Роботом она не стала, просто обычным взрослым человеком с обычным набором интересов – книги, музыка, прогулки на природе и непринуждённое общение.

И ещё убийства.

Вот тут, пожалуй, и начиналось то самое странное, чего Конни сама в себе до конца понять не могла. Иногда она прокручивала в голове тот день, когда обнаружила тело нотариуса Исидоры Совиньи с простреленной головой. Мысленно она вышагивала по светлому ворсистому ковру кабинета, наблюдала за пылинками, плавающими в горячем воздухе, бросала взгляд на репродукцию картины Яна Маршана, обрызганной кровью. И это не было похоже на травмирующее воспоминание, а должно было бы. Ведь глазам её тогда предстало зрелище, мягко говоря, не из приятных. А она отчего-то вновь и вновь возвращалась туда и пыталась понять…

Что же она пыталась понять? Кто убил Исидору Совиньи? Весь город был уверен, что убийца найден. Да и вряд ли Конни удалось бы найти новые улики, шатаясь по миражам и закоулкам памяти. Да и к чему поиски? Попробовала она себя в роли детектива – пора бы и честь знать. Вся Линсильва успокоиться не может, пережёвывая снова и снова подробности этого дела. Неужели ей мало славы? Когда вообще Констанция Маршан желала быть знаменитой? Наоборот, после смерти отца она надеялась, что её имя больше никогда не всплывёт в строчках светской хроники.

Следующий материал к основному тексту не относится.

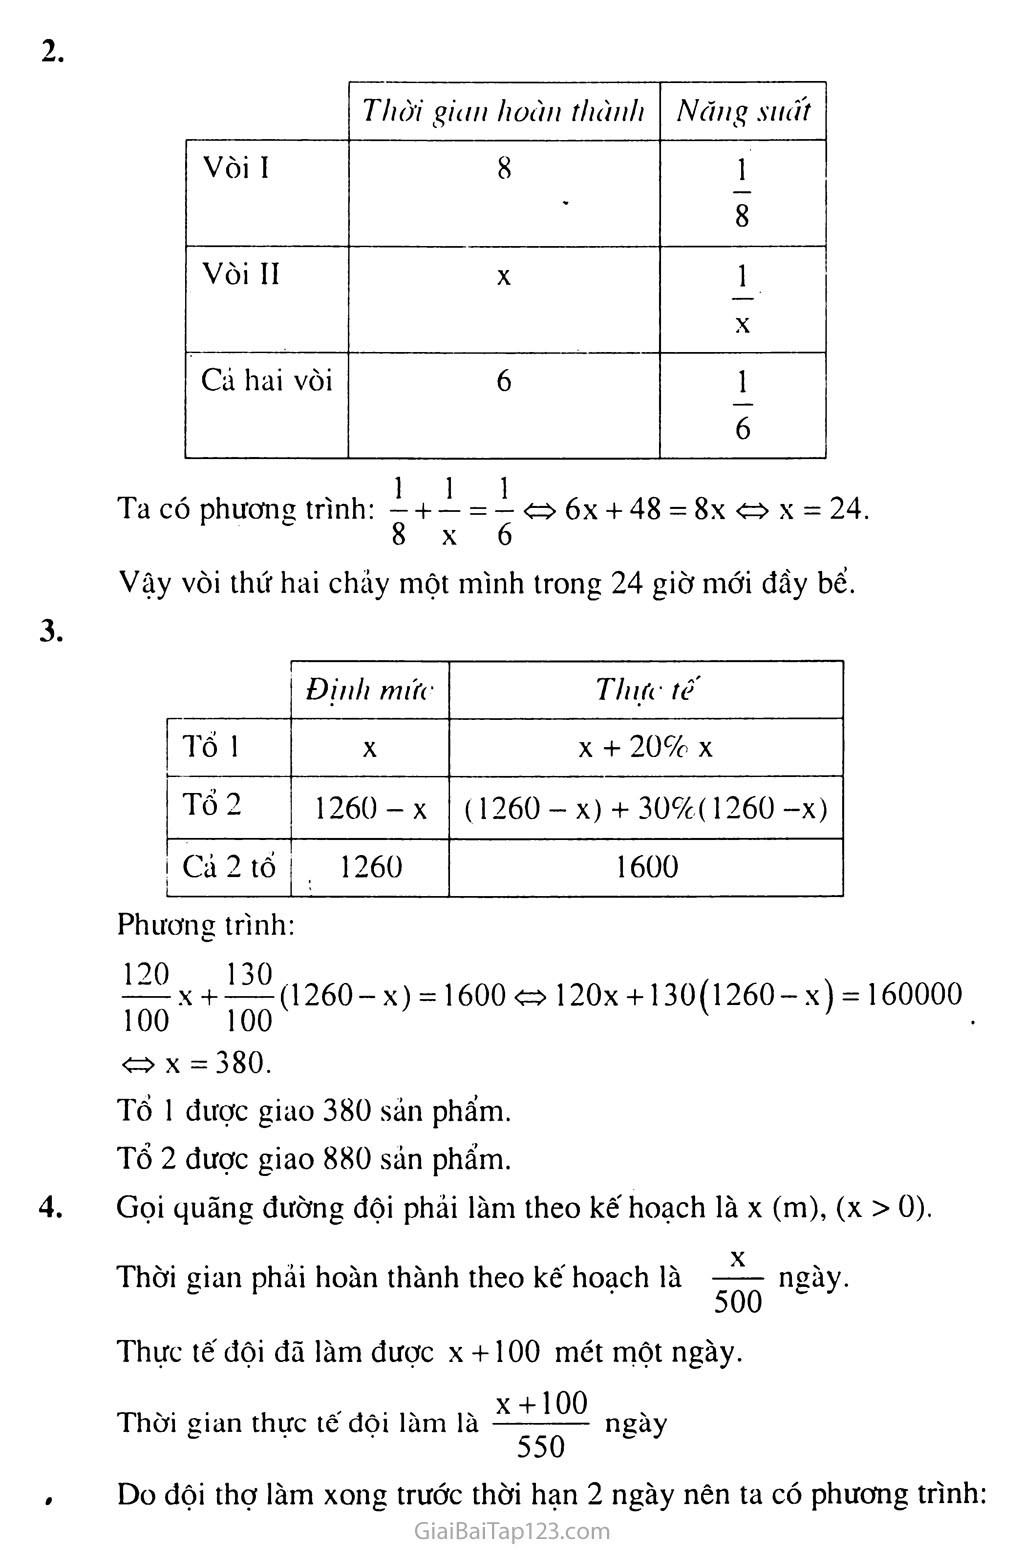 Bài 6. Giải bài toán bằng cách lập phương trình trang 5

Навязчиво зудящее чувство поселилось в ней и не давало спокойно жить дальше. Ощущение незавершённости. Идиотское. Иррациональное. Неужели то самое предчувствие, в которое собранная и приземлённая Констанция отказывалась верить?

Она резко села на кровати и тут же пожалела об этом. Голова закружилась, а стены комнаты поплыли во все стороны. Наутро после девичника ежевичное вино передавало пламенный «привет». Схватившись за голову, девушка закрыла глаза и тихо застонала. После нескольких минут тишины и размеренного дыхания вестибулярный аппарат кое-как начал функционировать, возвращая разуму понимание того, где в этой спальне потолок, а где – пол. Тогда же раздался стук в дверь.

– Войдите, – сухими губами промямлила девушка, и вскоре на пороге комнаты появилась госпожа Сапфир в элегантном летнем брючном костюме насыщенного малинового цвета. Волосы её струились по плечам чёрными ручейками – необычная для неё причёска. В руках дама держала поднос с бутылкой воды, чашкой кофе и выпечкой. Чуть наклонив голову набок, управляющая внимательно осмотрела Конни.

– Как вы себя чувствуете?

– Как будто это не очевидно… – проворчала девушка в ответ. Пижама на ней была застёгнута неровно, волосы торчали во все стороны, а лицо заметно опухло. Севилла понимающе кивнула и направилась с подносом к прикроватному столику.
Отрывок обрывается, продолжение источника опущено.